◆ AIM OF THE TASK ◆
Your task is to reproduce exactly the lines from the line with "Ektorp 2 5 Zits" through the end of the records below.

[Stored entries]
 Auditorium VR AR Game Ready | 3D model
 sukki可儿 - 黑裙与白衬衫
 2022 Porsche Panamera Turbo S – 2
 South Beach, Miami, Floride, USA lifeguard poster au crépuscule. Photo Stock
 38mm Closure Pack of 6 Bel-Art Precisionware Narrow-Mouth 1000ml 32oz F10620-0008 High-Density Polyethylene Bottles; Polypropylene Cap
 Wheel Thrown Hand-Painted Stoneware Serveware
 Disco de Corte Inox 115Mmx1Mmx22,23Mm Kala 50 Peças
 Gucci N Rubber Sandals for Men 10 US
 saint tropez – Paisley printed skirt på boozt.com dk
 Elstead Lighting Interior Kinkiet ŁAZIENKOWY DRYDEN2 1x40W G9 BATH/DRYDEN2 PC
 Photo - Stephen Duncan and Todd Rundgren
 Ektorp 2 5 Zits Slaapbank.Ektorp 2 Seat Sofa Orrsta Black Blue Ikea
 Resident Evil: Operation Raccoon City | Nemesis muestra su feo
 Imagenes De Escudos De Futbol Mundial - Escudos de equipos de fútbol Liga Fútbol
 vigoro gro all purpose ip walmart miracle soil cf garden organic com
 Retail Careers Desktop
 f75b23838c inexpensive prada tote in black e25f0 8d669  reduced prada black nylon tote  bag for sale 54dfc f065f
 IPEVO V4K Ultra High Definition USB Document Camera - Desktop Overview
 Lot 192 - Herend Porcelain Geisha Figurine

◆ OUTPUT ◆
 Ektorp 2 5 Zits Slaapbank.Ektorp 2 Seat Sofa Orrsta Black Blue Ikea
 Resident Evil: Operation Raccoon City | Nemesis muestra su feo
 Imagenes De Escudos De Futbol Mundial - Escudos de equipos de fútbol Liga Fútbol
 vigoro gro all purpose ip walmart miracle soil cf garden organic com
 Retail Careers Desktop
 f75b23838c inexpensive prada tote in black e25f0 8d669  reduced prada black nylon tote  bag for sale 54dfc f065f
 IPEVO V4K Ultra High Definition USB Document Camera - Desktop Overview
 Lot 192 - Herend Porcelain Geisha Figurine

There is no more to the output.